Dr. drg. Widya Leksmanawati Habibie, M.M., Associate Fellow di The Habibie Center mengatakan bahwa tingginya angka stunting adalah cerminan ketidaksetaraan sosial dan hal ini berkaitan erat dengan demokratisasi. Maka dari itu, The Habibie Center menyampaikan 7 rekomendasi terkait penanganan stunting yang terdiri dari: pertama penimbangan dan pengukuran balita setiap bulan di Posyandu, dan dibutuhkan kelengkapan alat ukur sesuai standar WHO, kemudian pengesahan revisi PMK Antropometri Anak untuk deteksi tumbuh kembang balita. Perbaiki buku KIA untuk memperbaiki pola MPASI dengan Protein Hewani dan pemberian bantuan protein hewani termasuk susu untuk keluarga dengan balita. Pelatihan dokter, bidan, ahli gizi dan kader untuk mendeteksi stunting dengan intervensinya serta penyediaan PKMK untuk kondisi yang menyebabkan stunting seperti gizi buruk, gizi kurang, gagal tumbuh, alergi, prematur, sampai kelainan metabolik. “Yang ketujuh adalah meningkatkan anggaran intervensi gizi spesifik dalam anggaran stunting bukan hanya 30 persen, tetapi misalnya 50:50,” ungkap Widya.
Widya menambahkan. Dari diskusi multi-sektorial hari ini diharapkan akan mampu memberikan sumbangsih pemikiran dan kolaborasi lintas pemangku kepentingan untuk berkomitmen mempercepat pencapaian penurunan angka prevalensi stunting nasional.

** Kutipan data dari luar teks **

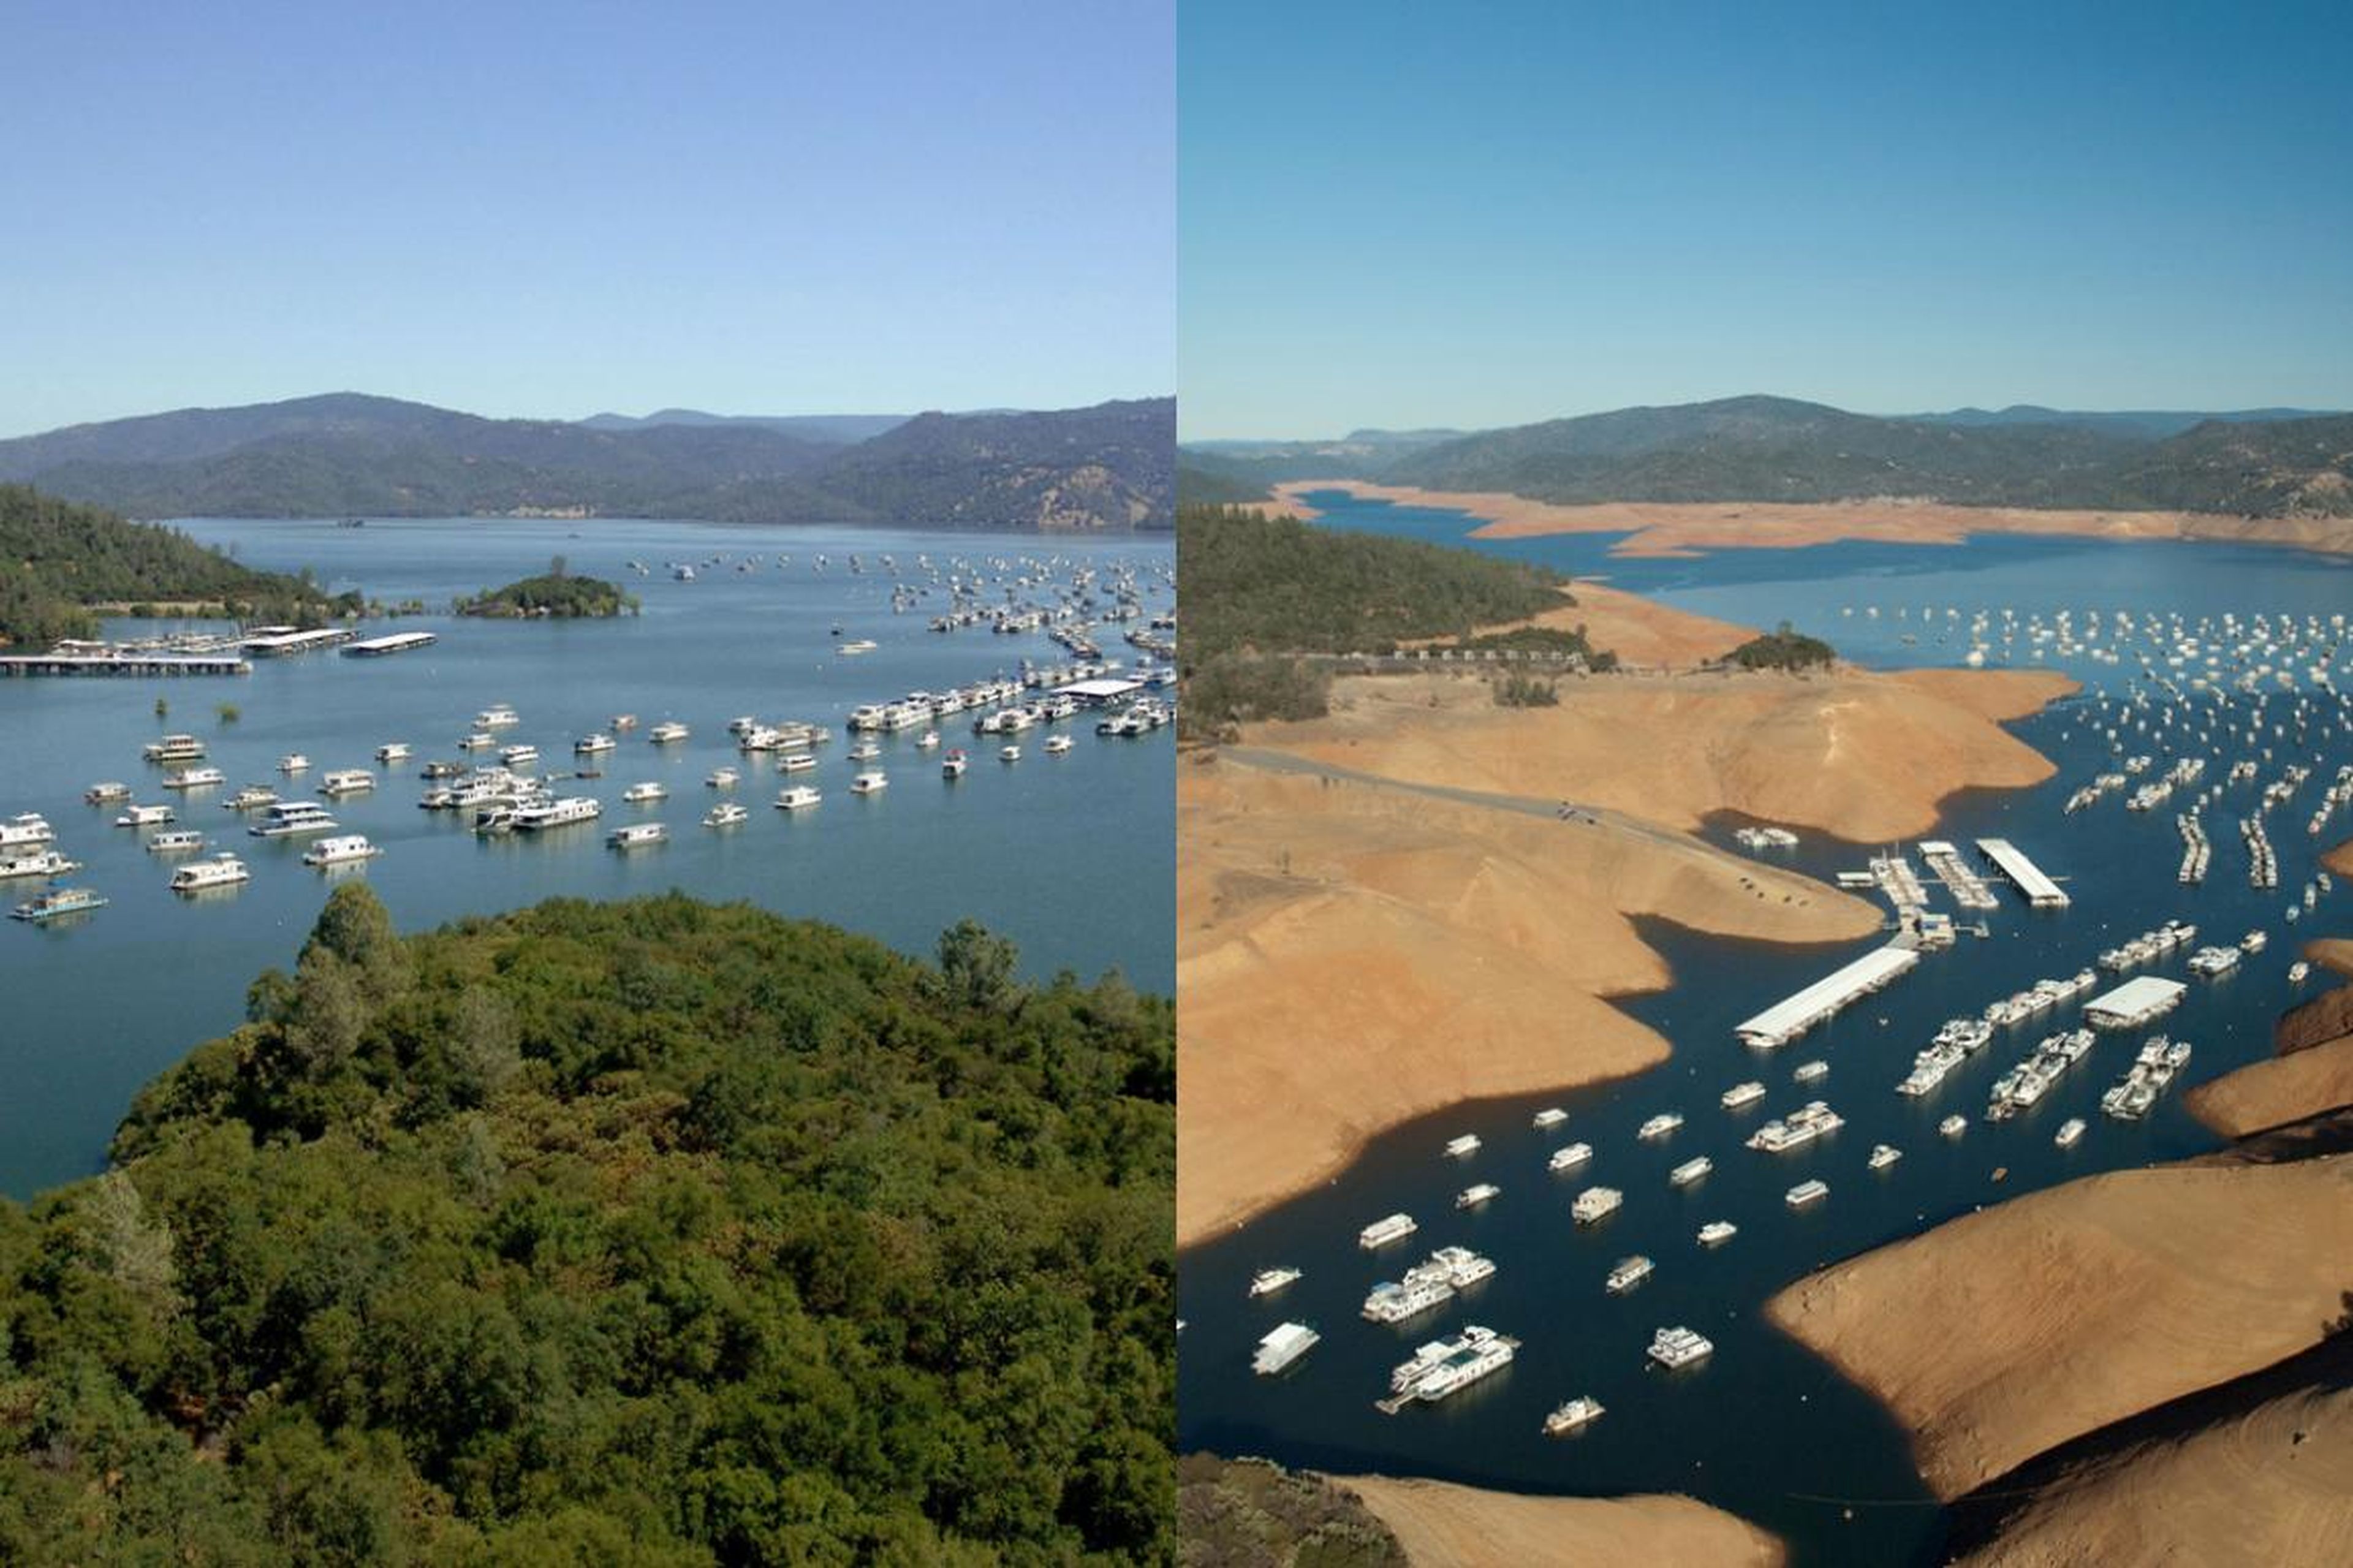 These side-by-side photos show how much California's Lake Oroville shrank in just three years, from July 2011 (left) to August 2014 (right).
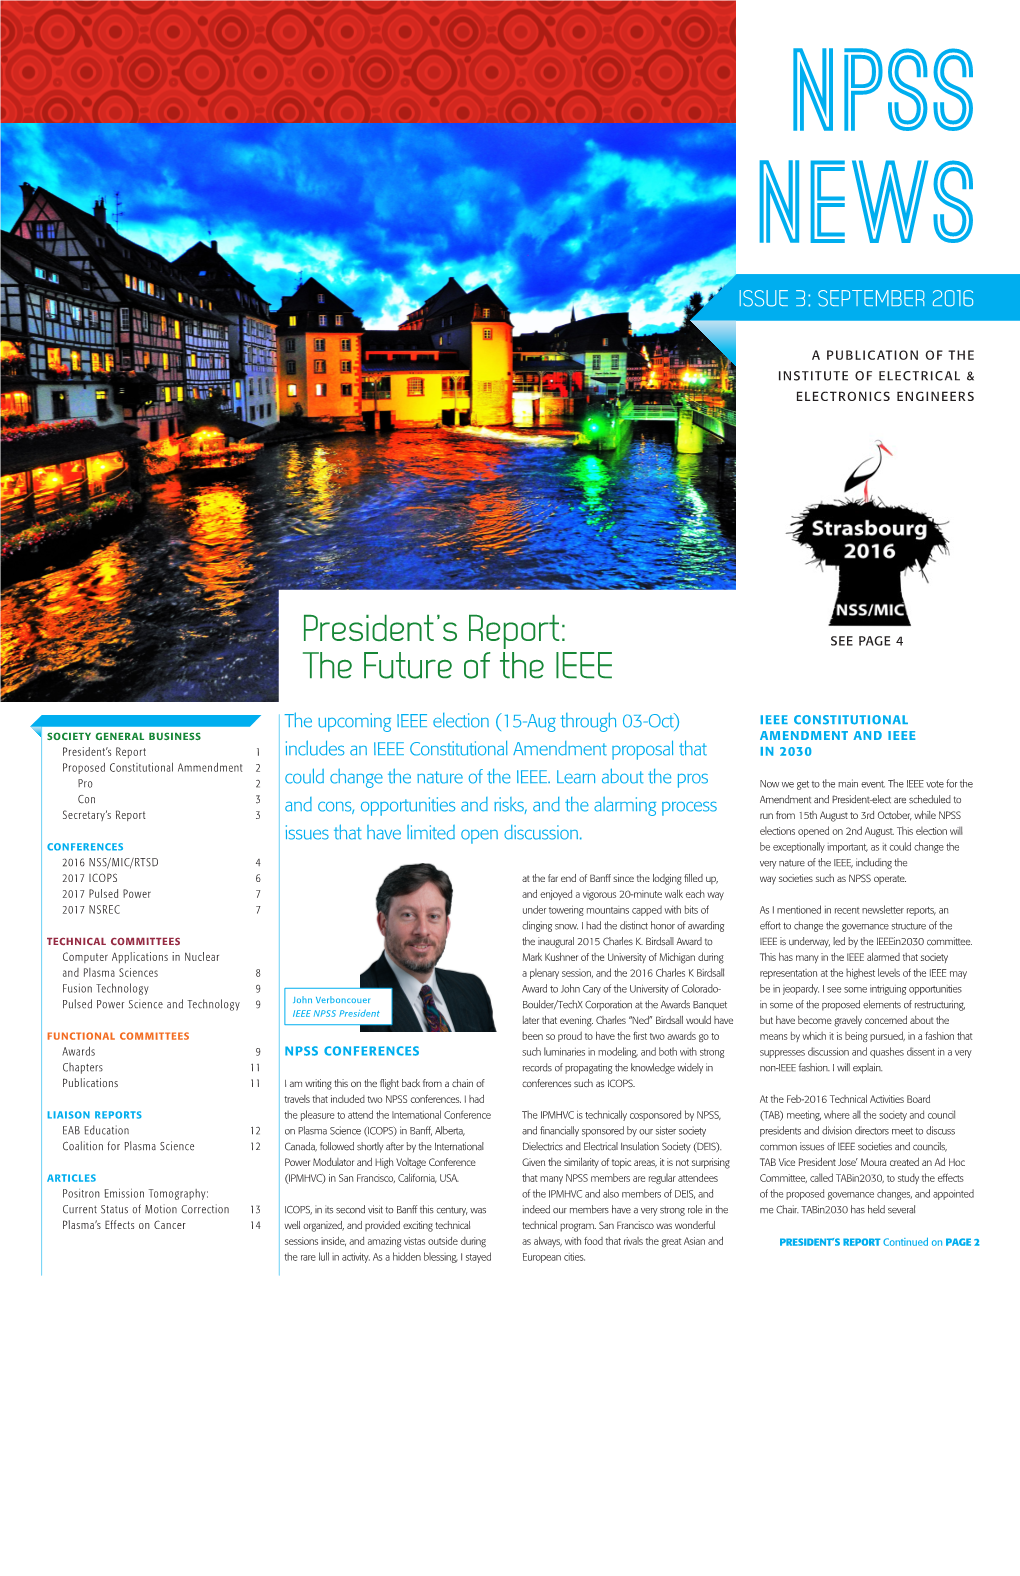 President's Report: the Future of the IEEE

“Adalah tugas kita bersama untuk mengawal implementasi prioritas alokasi anggaran untuk menyediakan intervensi gizi spesifik, termasuk suplementasi ini. Dengan anggaran yang efektif, akan semakin banyak anak yang tertolong dan mendapatkan hak mereka untuk tumbuh dan berkembang dengan optimal dan sehat melalui penanganan gizi yang tepat.” pungkas Widya.